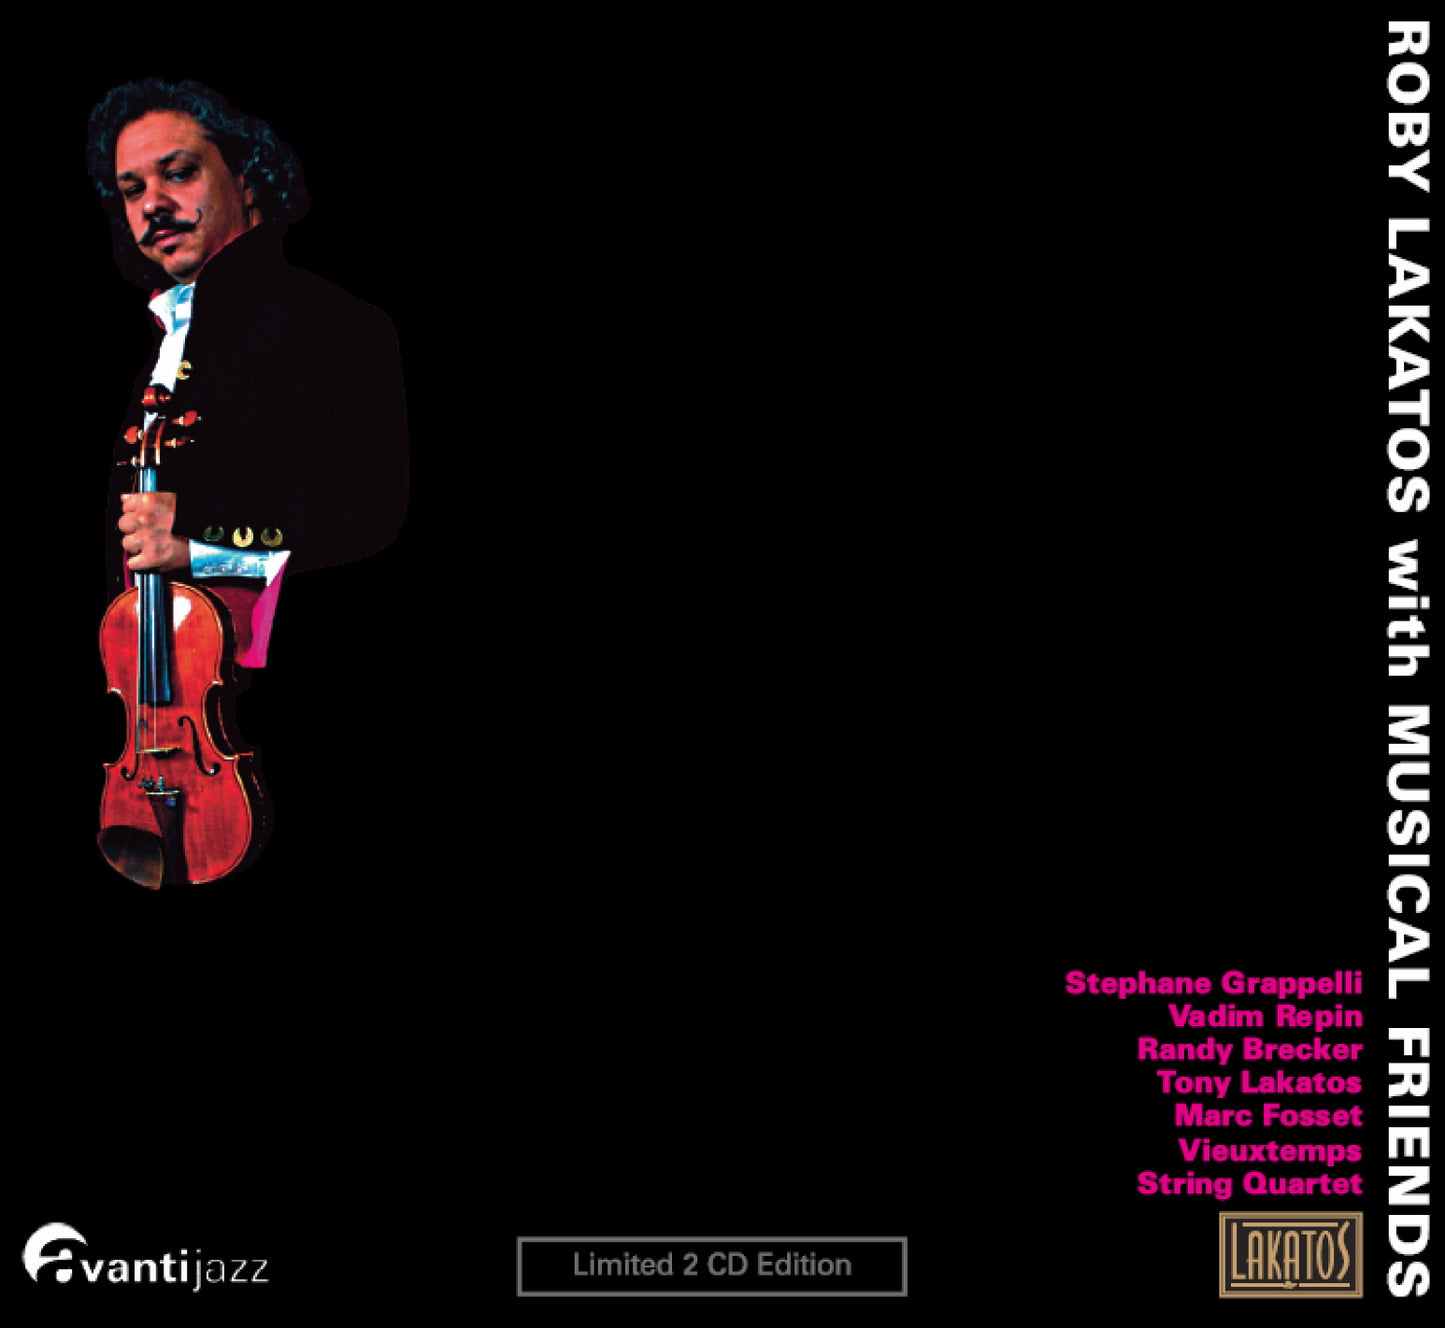 Roby Lakatos with Musical Friends – Roby Lakatos (1 CD + 1 Bonus CD)
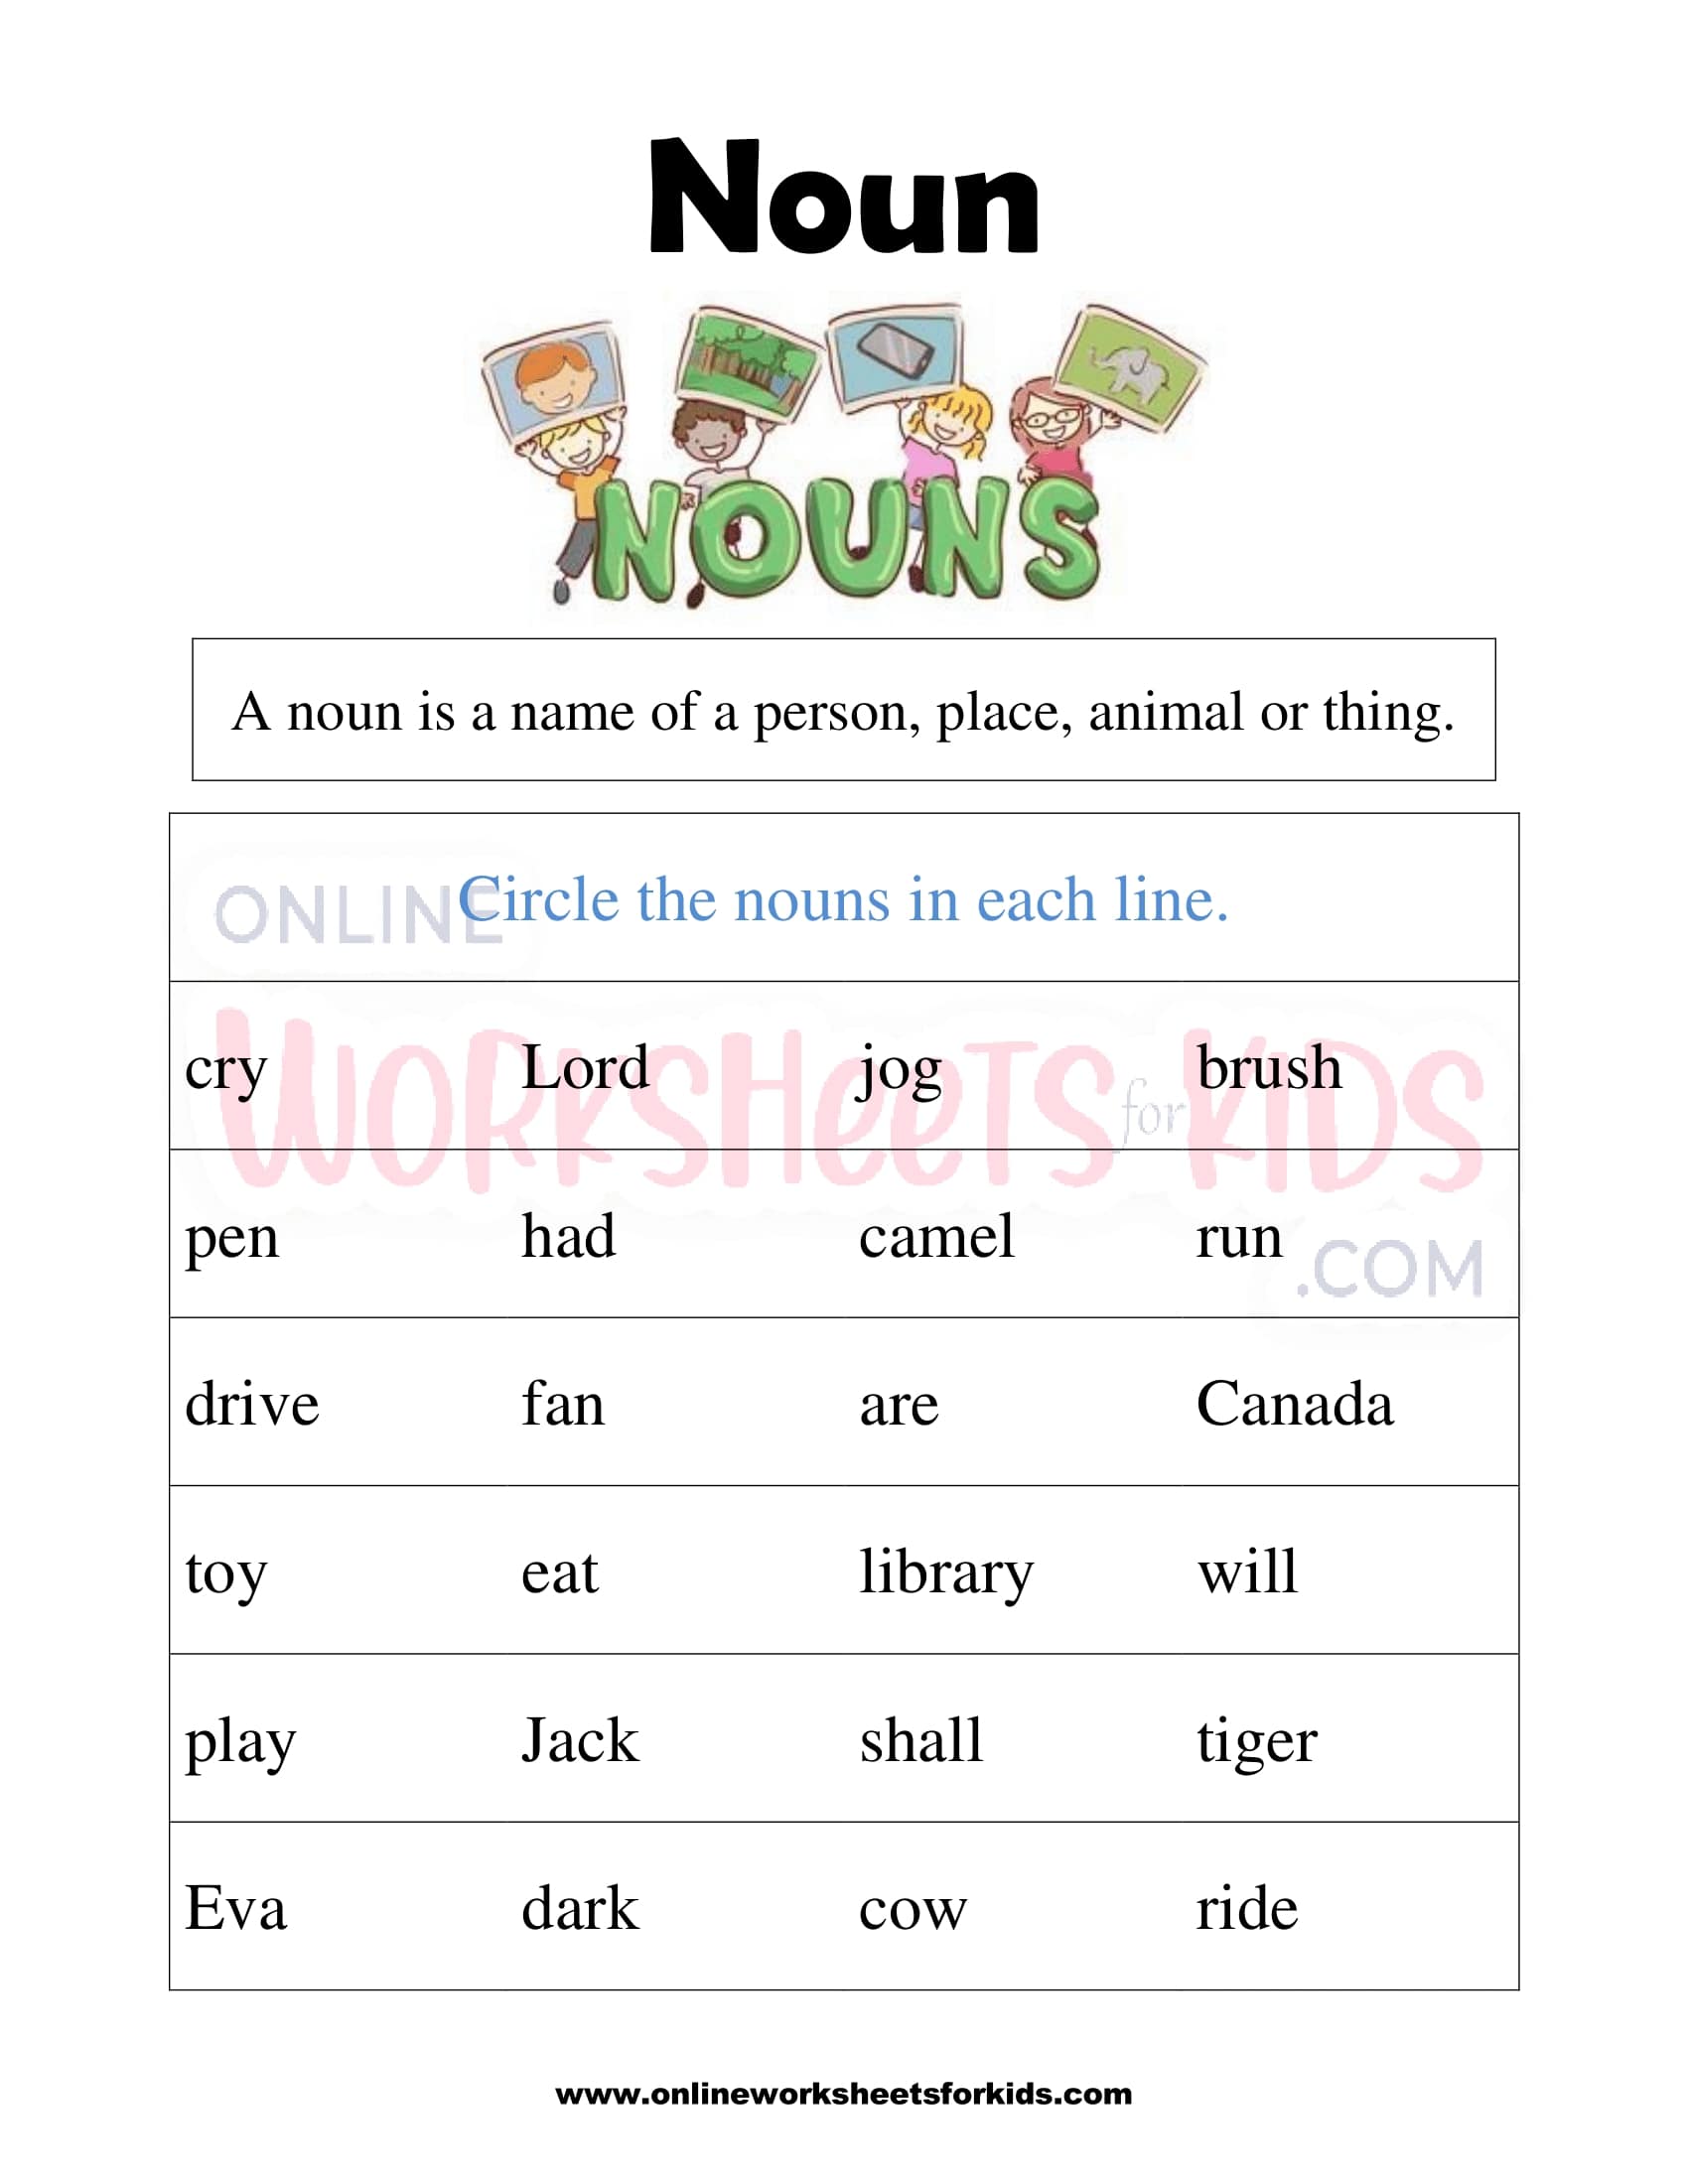 noun-worksheets-for-grade-1-7
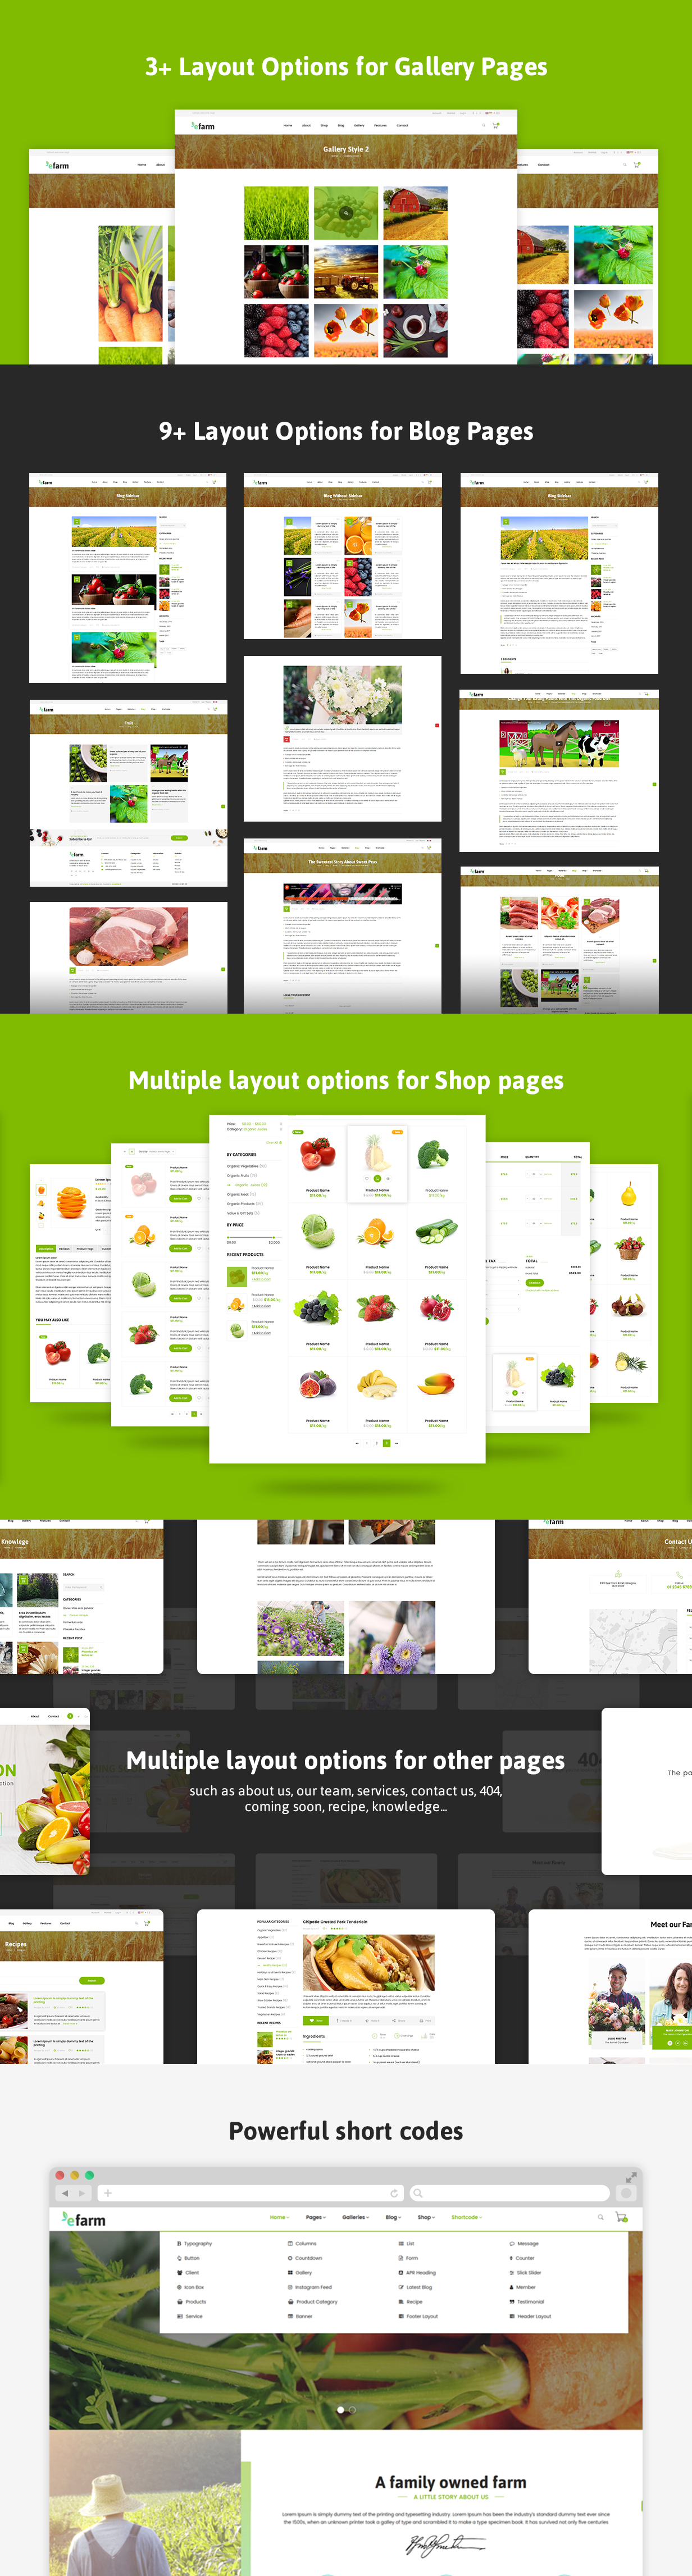 eFarm - A Multipurpose Food & Farm WordPress Theme - 9
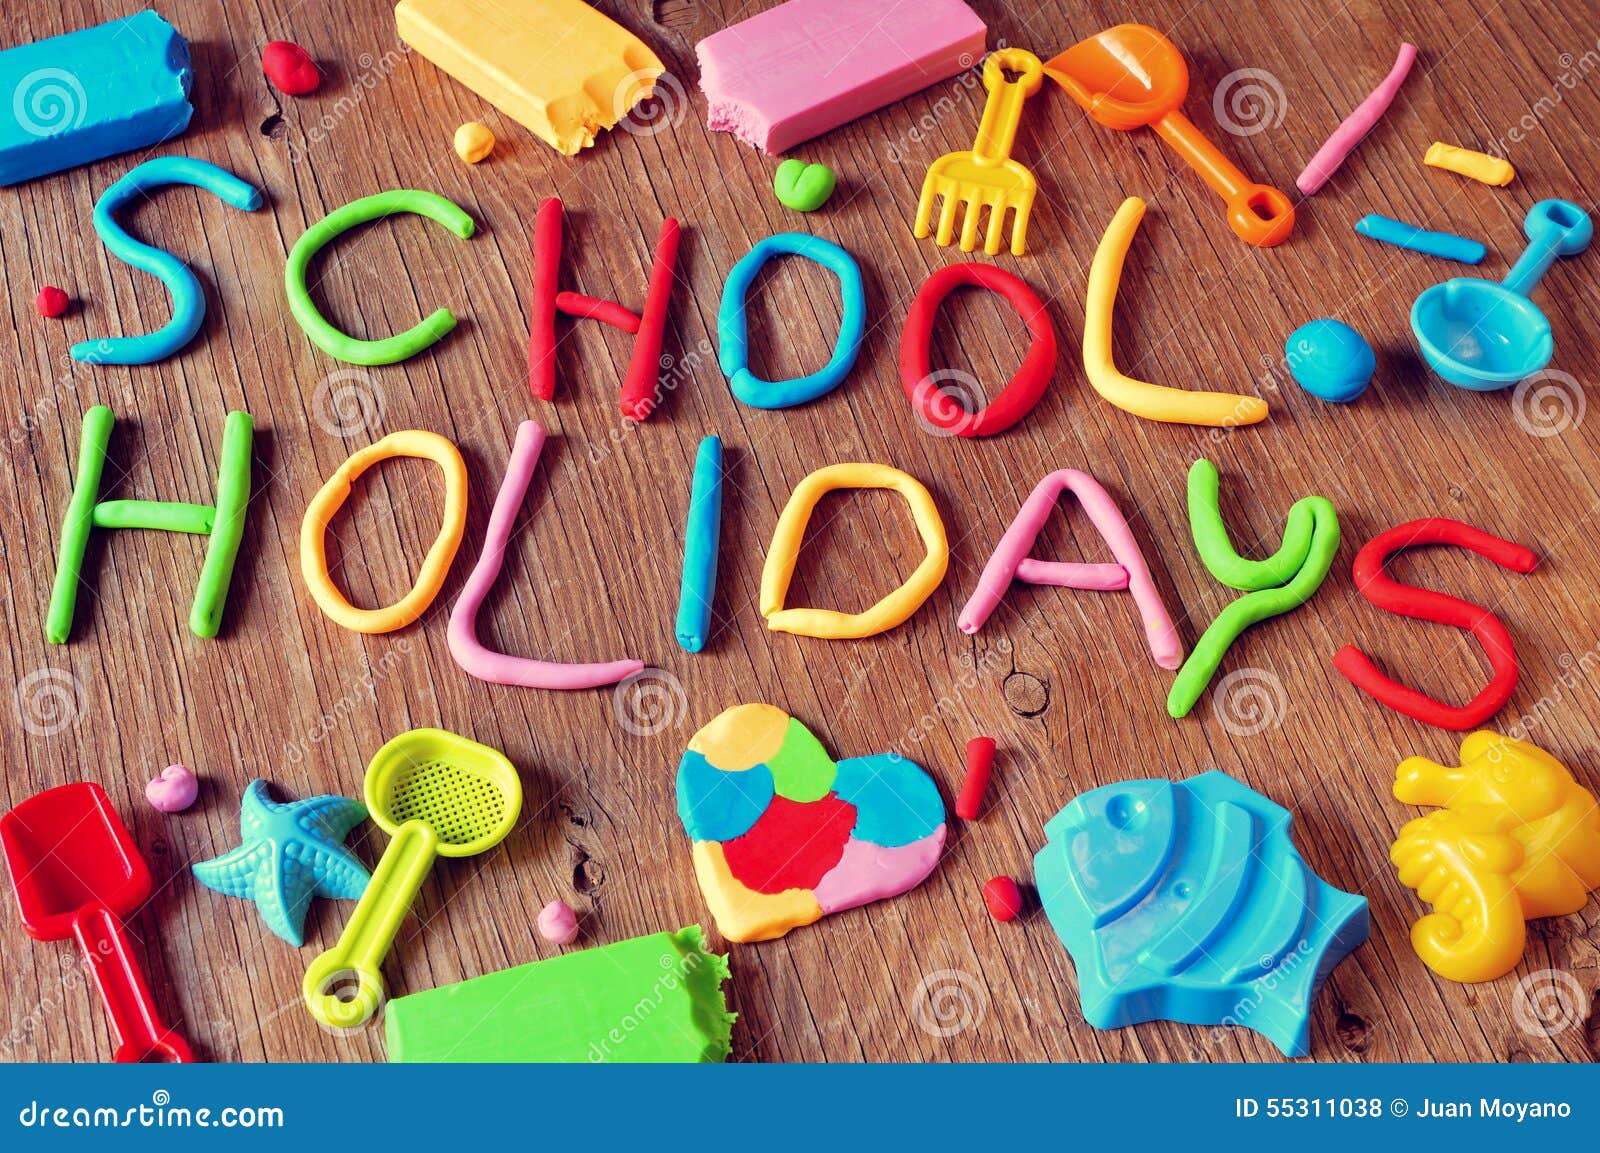 clipart school holidays - photo #16

──────────

» Task brief: Write out the data in full and exactly as given, though without the images.

» Solution to the problem:
 Roby Lakatos with Musical Friends – Roby Lakatos (1 CD + 1 Bonus CD)
 noun-worksheets-for-grade-1-7
 eFarm - A Multipurpose Food & Farm WordPress Theme - 9
 clipart school holidays - photo #16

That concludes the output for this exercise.